#### INFORMATION:
#####
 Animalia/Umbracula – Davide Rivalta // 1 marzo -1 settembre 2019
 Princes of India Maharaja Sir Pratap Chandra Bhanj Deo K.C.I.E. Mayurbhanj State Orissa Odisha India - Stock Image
#####
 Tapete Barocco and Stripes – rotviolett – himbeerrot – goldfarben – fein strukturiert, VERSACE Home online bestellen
#####
#### ACTIVITY:
Copy only this part of the entries above: the line with "Animalia/Umbracula – Davide", the line with "Princes of India", and the lines between, all exactly as written.

#### ANSWER AREA:
 Animalia/Umbracula – Davide Rivalta // 1 marzo -1 settembre 2019
 Princes of India Maharaja Sir Pratap Chandra Bhanj Deo K.C.I.E. Mayurbhanj State Orissa Odisha India - Stock Image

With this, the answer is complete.